アルコールの飲みすぎは糖尿病などのリスクを高める

 アルコールの飲みすぎは、肝障害、2型糖尿病、高血圧、心疾患、胃腸障害、がん、メンタルヘルス不調などのリスクを高める。

 アルコールの過剰摂取は、日本を含む世界的な課題となっており、国連の持続可能な達成目標(SDGs)にも含まれている。

 糖尿病とともに生きる成人の半数は、飲酒する習慣がある。米国のペンシルバニア大学看護学部の研究によると、糖尿病の治療を受けていて肥満もある人が、アルコールの摂取量を減らすと、体重を減らすことができる。

 お酒を控えて健康的な体重を維持することで、血糖値と1~2ヵ月の血糖値の平均を示すHbA1cを改善できる可能性がある。

 日本では、飲酒にともなうリスクに関する知識の普及を推進するために、厚生労働省が「健康に配慮した飲酒に関するガイドライン」を策定した。

 ガイドラインでは、生活習慣病のリスクを高める飲酒量を、1日あたりの純アルコール量で、男性は40g以上、女性は20g以上を摂取した場合としている。

 過剰なアルコール摂取を防ぐため、▼自らの飲酒状況などを把握する、▼あらかじめ量を決めて飲酒をする、▼1週間のうち飲酒をしない日を設けるなど、健康に配慮した飲酒をすることを勧めている。

 純アルコール量20gの目安は、ビールは中びん1本(500mL)、日本酒は1合(180mL)、ウイスキーはダブル1杯(60mL)、焼酎は0.6合(110mL)、ワインは1/4本(180mL)となっている。

仕事のストレスはアルコールの飲みすぎを増やす

 アルコールの飲みすぎが増える原因はさまざまだが、仕事のストレスもそのひとつ。嫌な気持ちを忘れるための飲酒は、量や頻度が少しずつ増え、危険な飲み方につながりやすい。

 なかでも長時間労働は、危険なアルコール摂取の増加につながりやすいことが、東フィンランド大学やスウェーデンのカロリンスカ研究所の研究で明らかになっている。

 とくに週48時間以上働いている従業員は、アルコールの飲みすぎになりやすいことが示された。

 研究グループは、14ヵ国の33万3,693人を対象に横断的調査を実施した。その結果、労働時間が長すぎると、アルコール摂取量が増加する可能性が11%増加することが分かった。

 9ヵ国の10万602人を対象とした前向き調査でも、長時間労働は危険なアルコール摂取のリスクの12%増加と関連していた。

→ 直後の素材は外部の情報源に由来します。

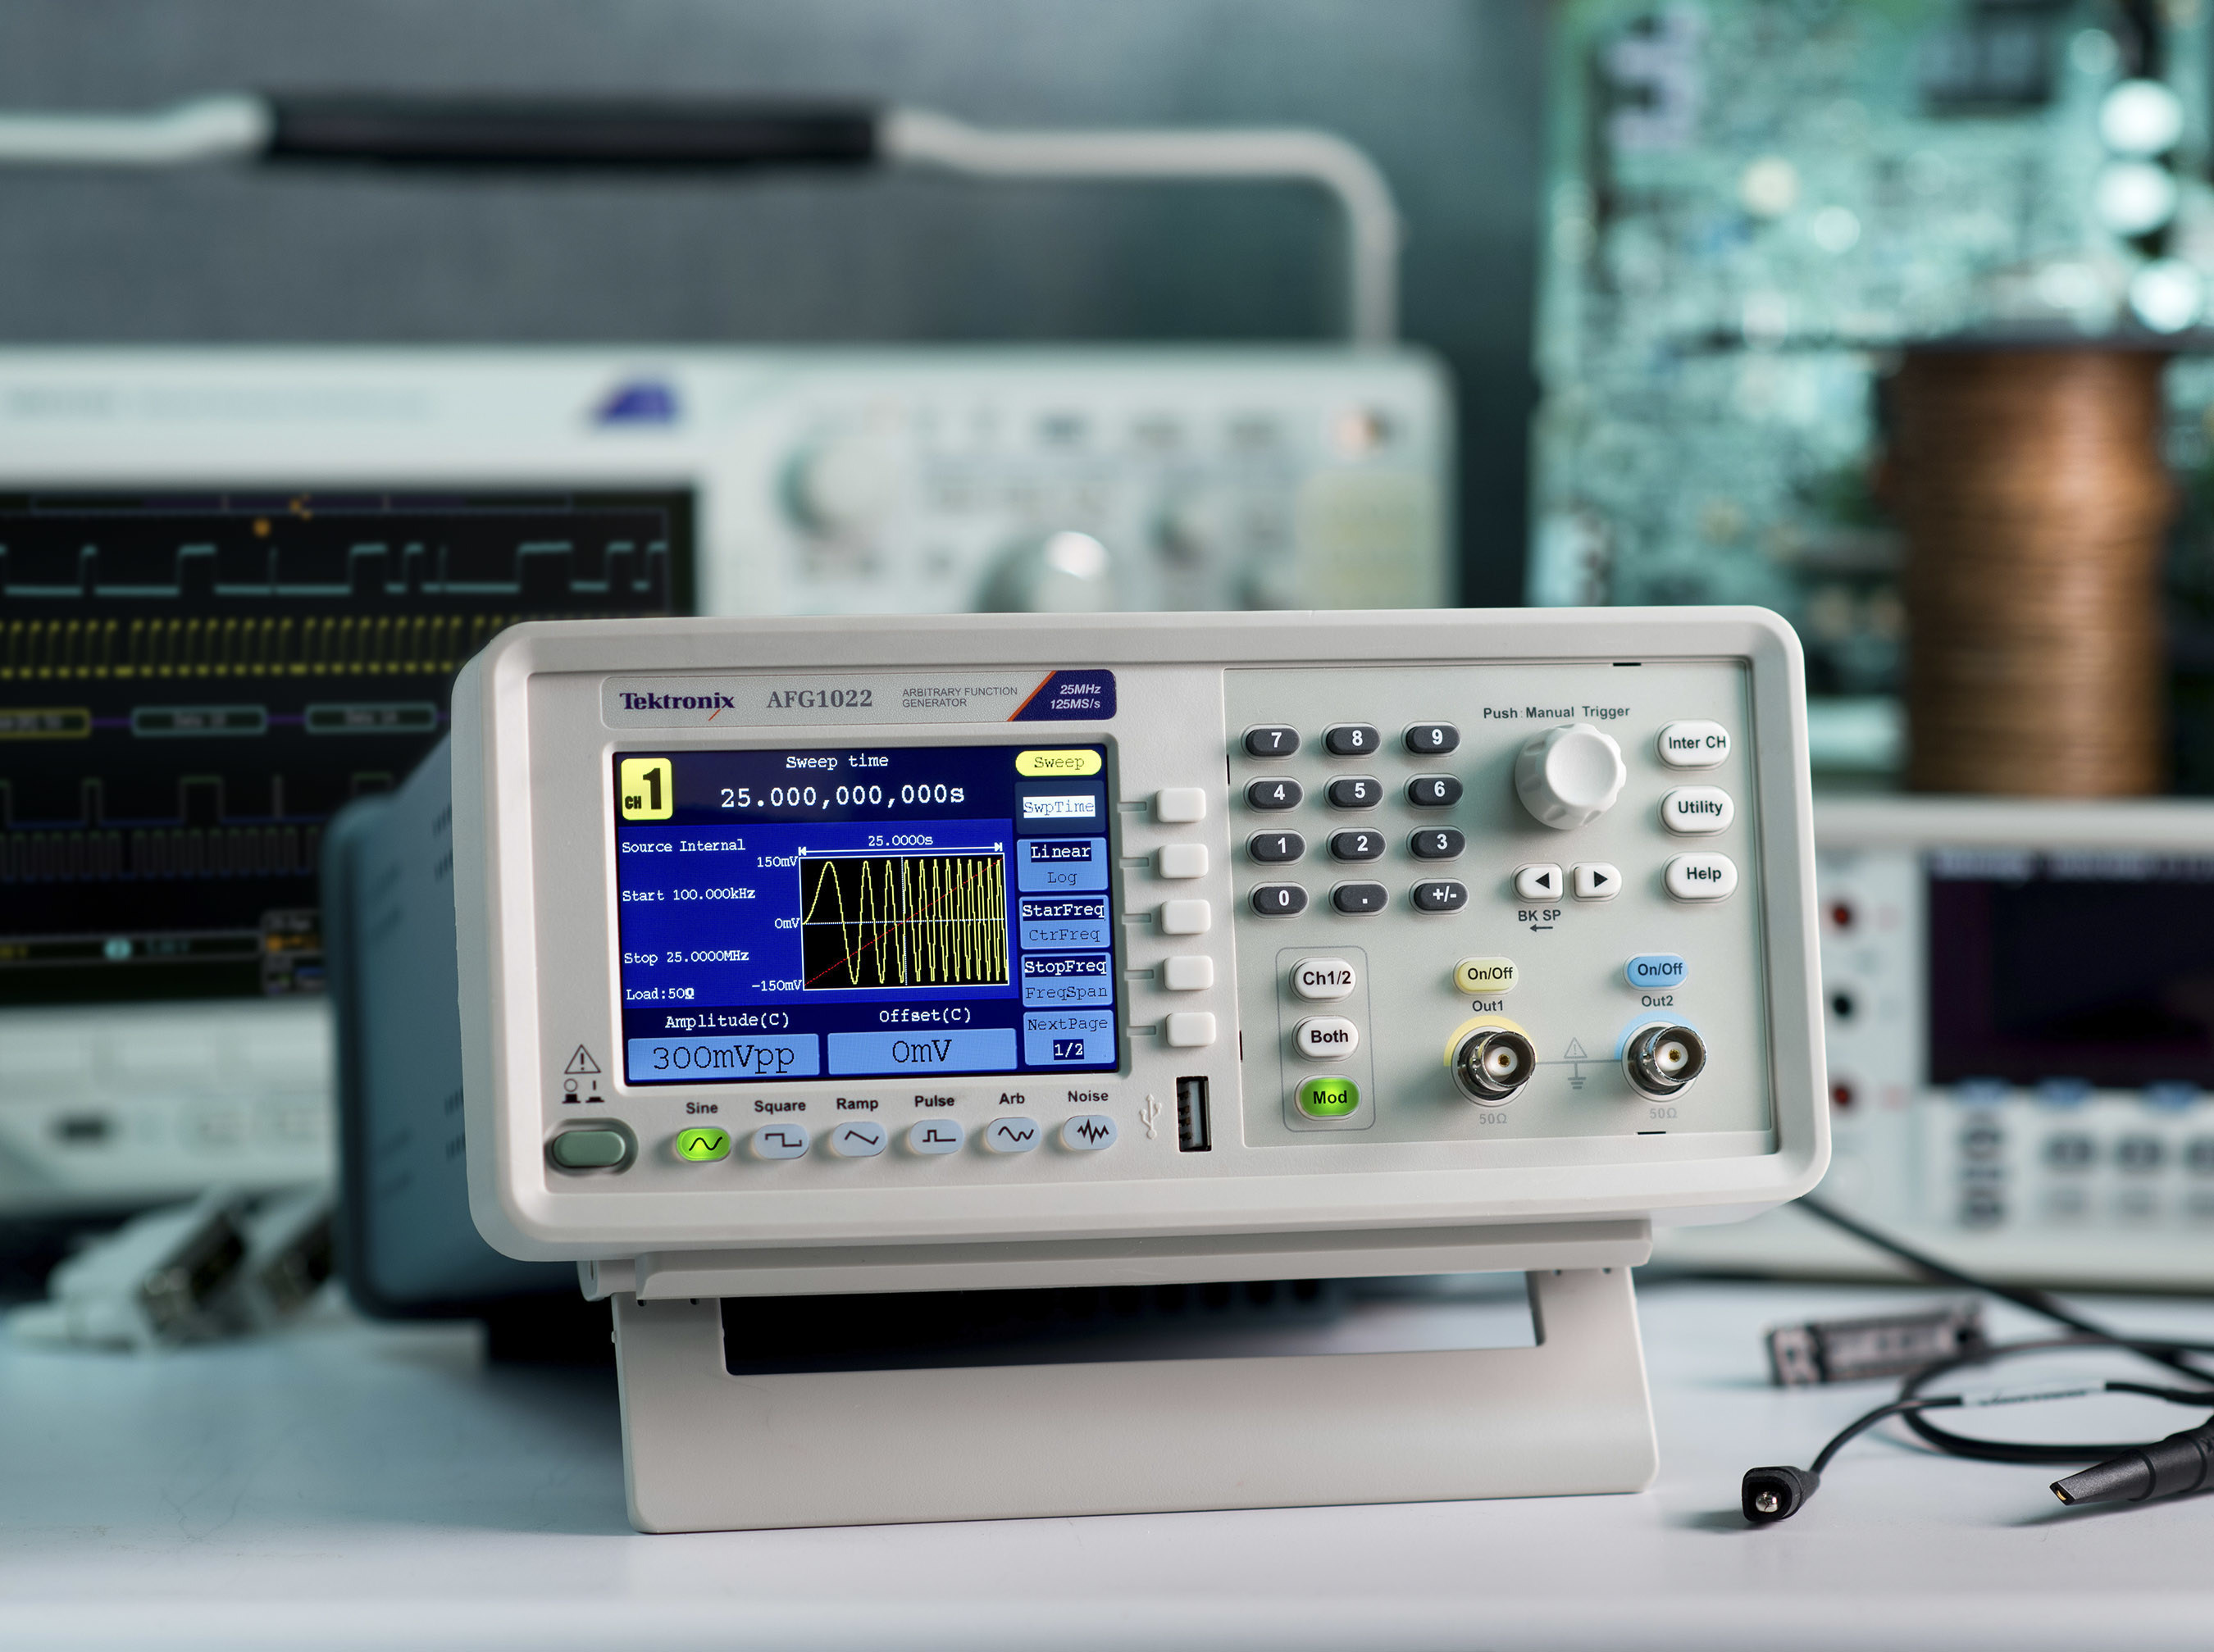 Compared to stand alone AFGs in its price class, the Tektronix AFG1022 offers better performance and greater flexibility. Key performance specifications include dual-channel, 25MHz bandwidth with 1mVpp to 10Vpp output, 14-bit vertical resolution and 1?Hz frequency resolution. It provides a 125 MS/s sample rate along with 64 MB of built-in non-volatile memory and USB memory expansion for user-defined waveforms.

 「長時間労働と危険なアルコール摂取の関連が示されました。成人のほとんどが就労しており、働いている人のアルコール乱用は重要な課題になっています」と、同大学教育心理学部のマリアンナ ヴィルタネン教授は述べている。

アルコールの飲みすぎを減らす方法 1
ノンアルコール飲料を上手に活用する

 それでは、過剰なアルコール摂取を防ぐために、どんな方法が効果的だろうか?

 ノンアルコール飲料を利用することで、飲酒量が減少し、その効果は提供の終了後も8週間持続することが、筑波大学が123人の成人を対象に実施した研究で明らかになった。

 研究グループは、アルコール依存症などのない参加者を介入群と対照群に分け、介入群にはノンアルコール飲料を12週間提供した。

 その結果、介入群の飲酒量は12週目の時点で、介入前に比べて1日あたり純アルコール換算で平均11.5g減少していた。

 また、介入群のノンアルコール飲料の摂取量の増加と、飲酒量の減少とに相関がみられ、ノンアルコール飲料がアルコール飲料に置き換わって飲まれていた可能性が示された。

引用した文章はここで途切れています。